Essay by ChatGPT (Sept 11,2025, 7:21 pm)
Torben Giehler’s “Clouds Mistaken For Smoke” is less a presentation of finished works than a record of transition. Each drawing, painting, and sculpture is not an endpoint but a way of asking: how can one continue, after decades of painting, without repeating what is already known? The answer lies in movement between media, in a refusal to settle.
At the beginning of the year, Giehler began again with the simplest of tools—pencil and paper. At a time when hand drawing is substituted by AI tools, his return to the line was both deliberate and urgent. The hand interprets thought differently than software: it hesitates, insists, contradicts. What emerges is not only an image but a trace of time, of doubt, of decision. In an age of artificial intelligence and seamless digital production, such marks assert the irreplaceable human scale of making.

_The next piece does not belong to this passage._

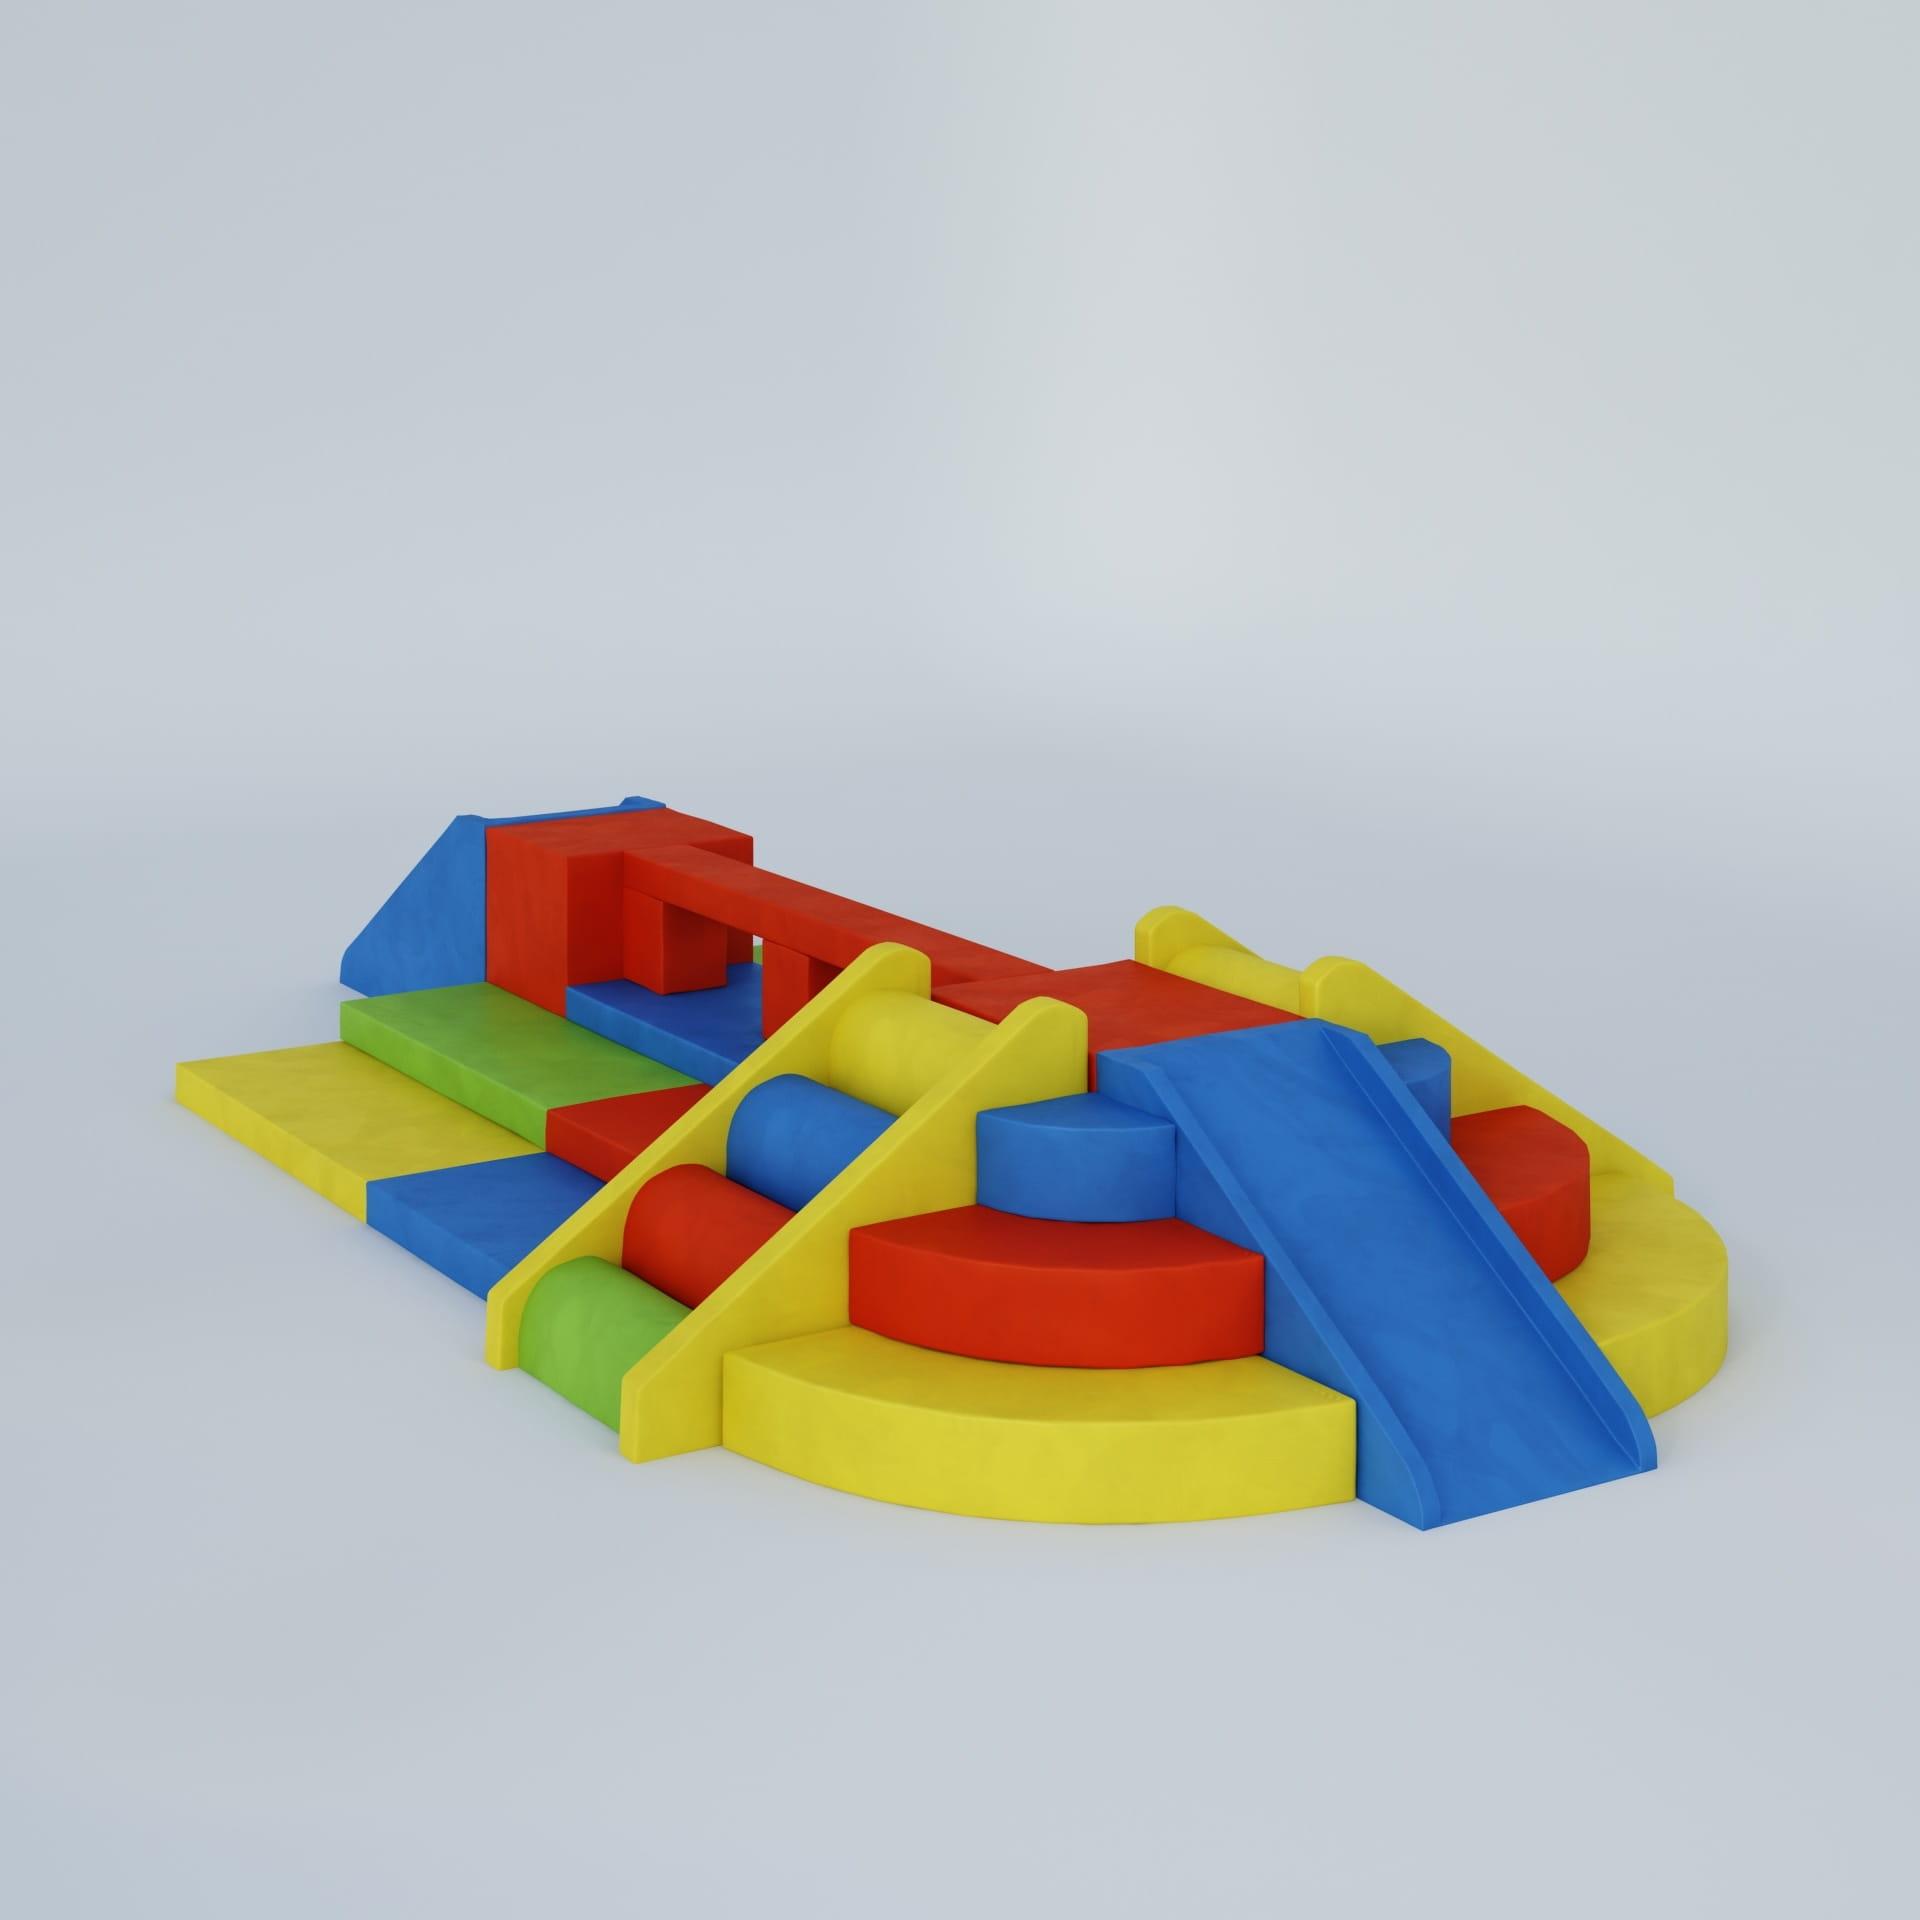 playground equipment 44 AM244 Archmodels

From drawing, sculpture followed almost inevitably. Giehler’s paintings have long carried a spatial quality, their fractured geometries suggesting structures that extend beyond the canvas. Giving them physical form was less a departure than an unfolding. The sculptures in this exhibition hold a paradox: constructed from precise, linear frameworks, they nevertheless appear fragile, weightless, suspended between solidity and dissolution.
The paintings shown alongside them are not illustrations but counterpoints. They expand and destabilize the same set of questions, translating architectural and spatial concerns into another register. Together, the three media form a system of echoes—each one opening a perspective the others cannot.
“Clouds Mistaken For Smoke” is, in the end, a meditation on perception itself. Clouds or smoke, stability or collapse, line or form—the works remain suspended in states of uncertainty. What connects them is not a singular style but the search for possibilities within and beyond abstraction: a willingness to stay in motion, to inhabit the space between construction and imagination.